### [Dataset section]
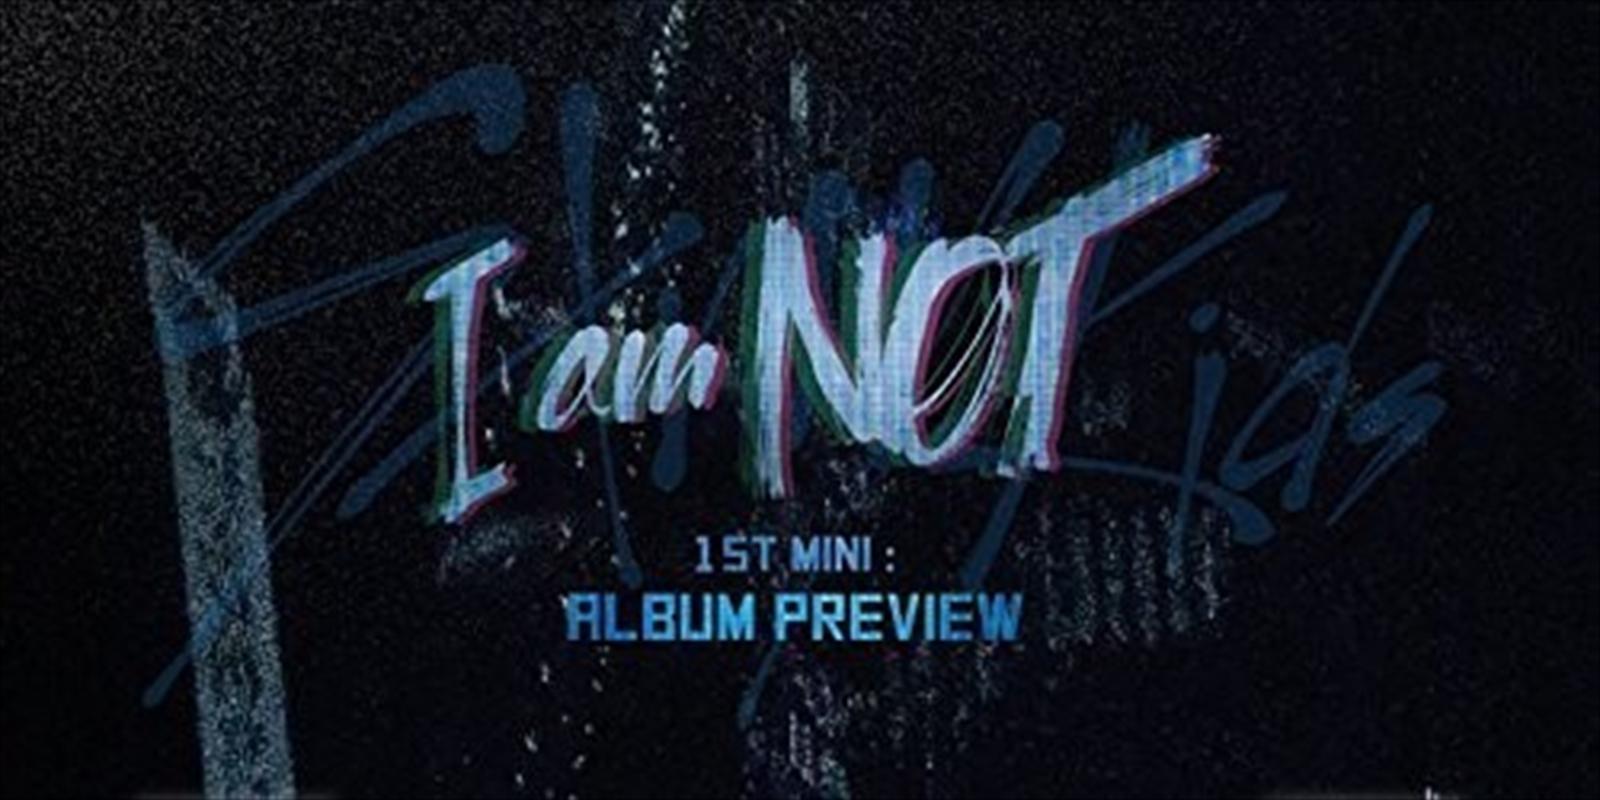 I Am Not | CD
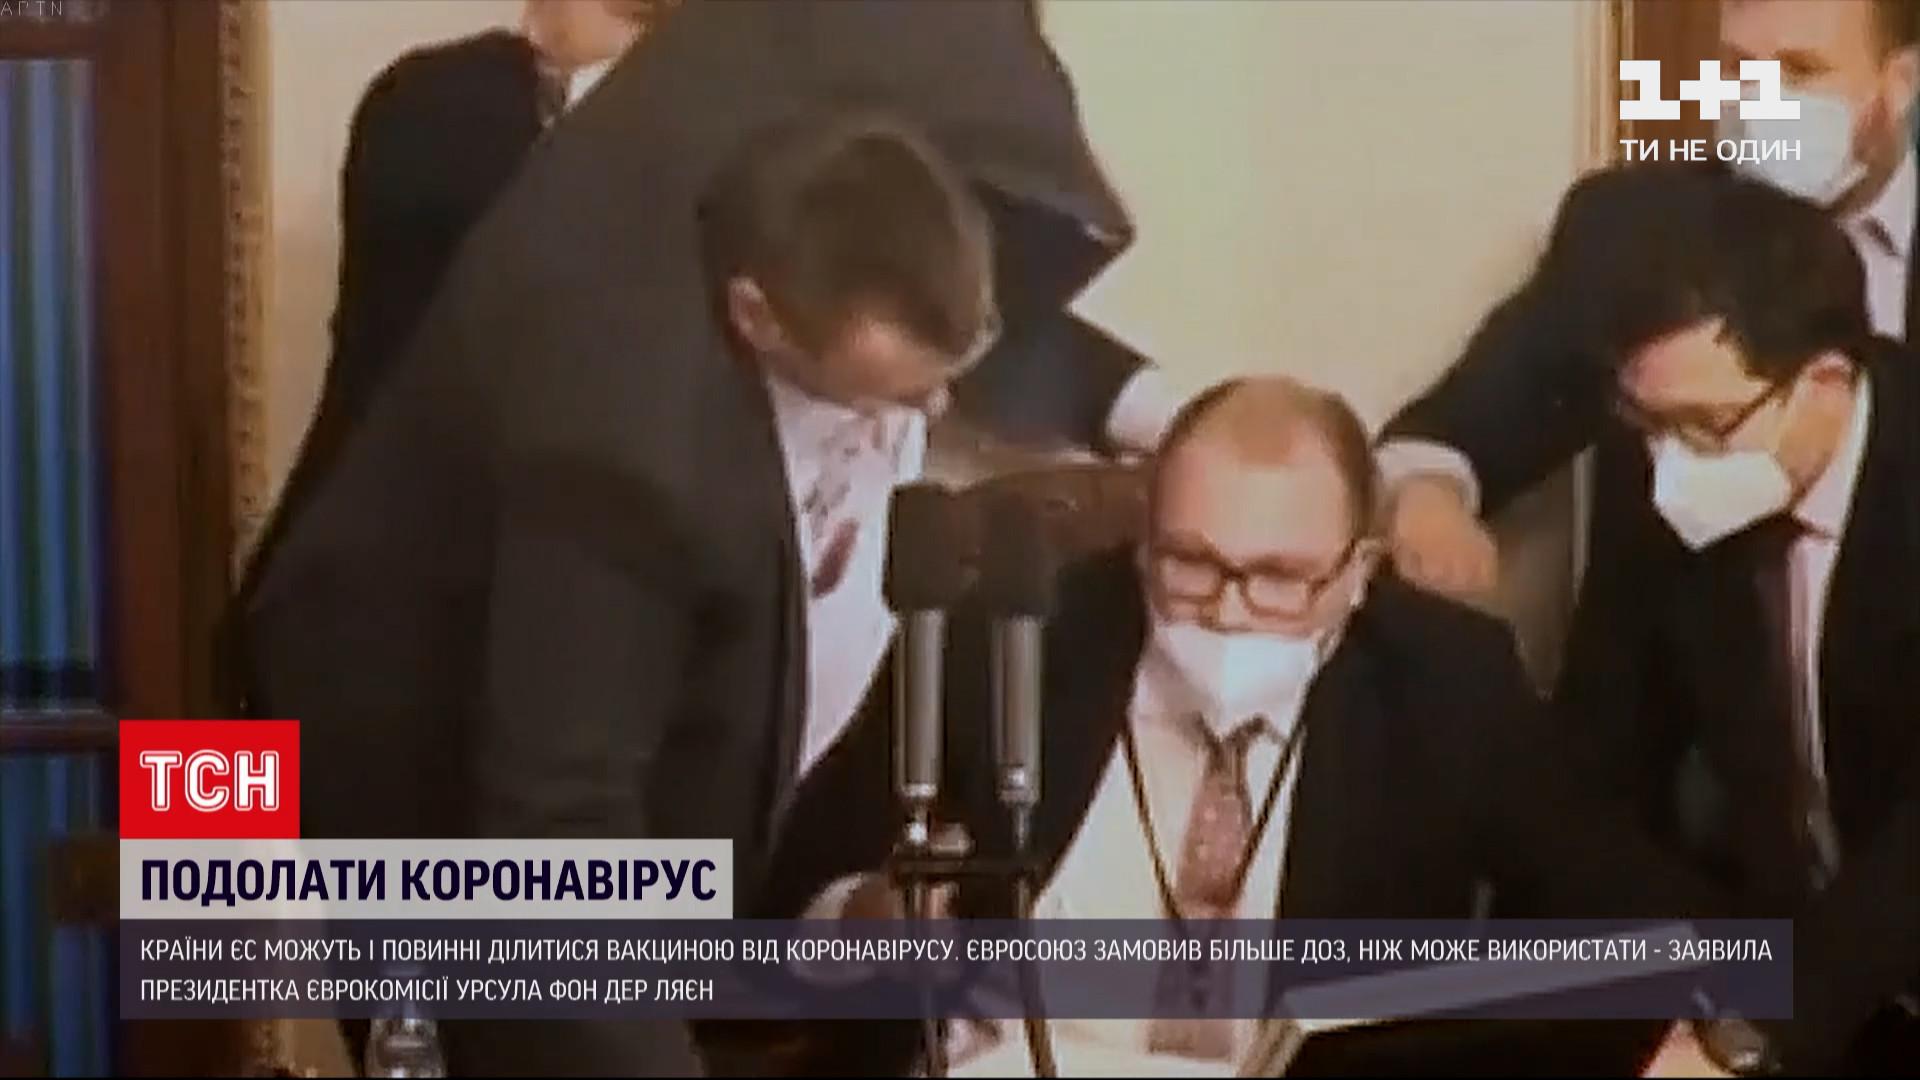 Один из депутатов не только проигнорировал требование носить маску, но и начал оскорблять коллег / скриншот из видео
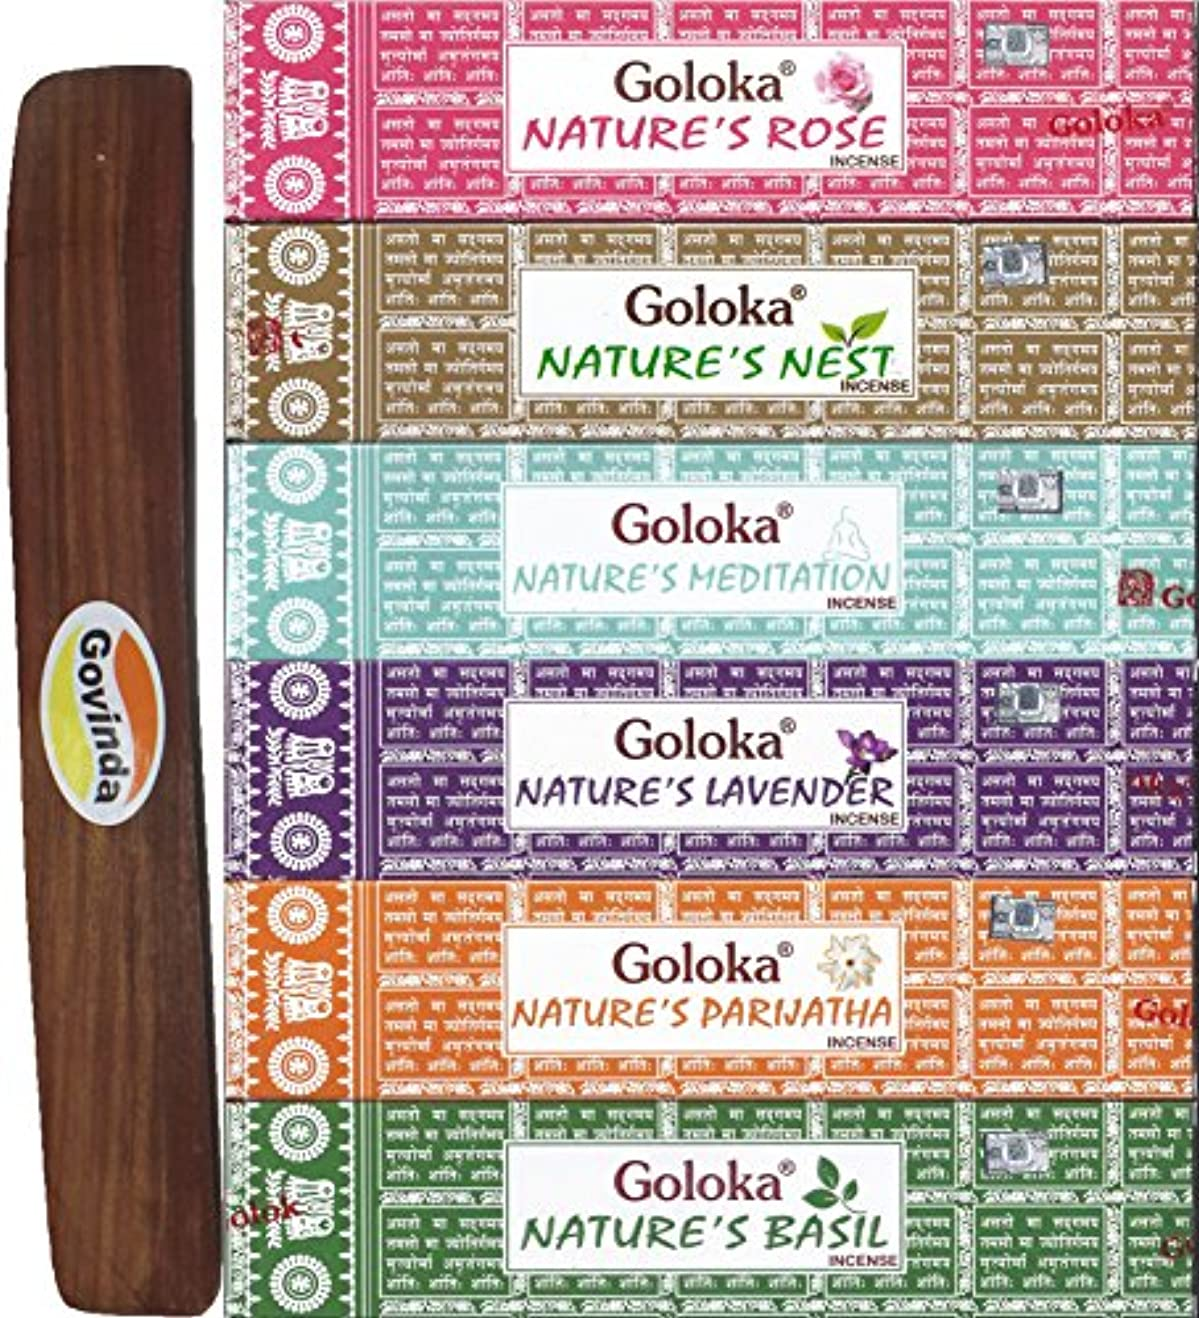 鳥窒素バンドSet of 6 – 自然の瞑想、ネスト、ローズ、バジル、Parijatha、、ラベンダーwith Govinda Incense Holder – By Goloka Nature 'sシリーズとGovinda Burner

### [Brief]
Set down word for word the lines beginning with the one containing "Один из депутатов" and ending with the last line of the listing, inclusive. Omit every picture.

### [Your response]
 Один из депутатов не только проигнорировал требование носить маску, но и начал оскорблять коллег / скриншот из видео
 鳥窒素バンドSet of 6 – 自然の瞑想、ネスト、ローズ、バジル、Parijatha、、ラベンダーwith Govinda Incense Holder – By Goloka Nature 'sシリーズとGovinda Burner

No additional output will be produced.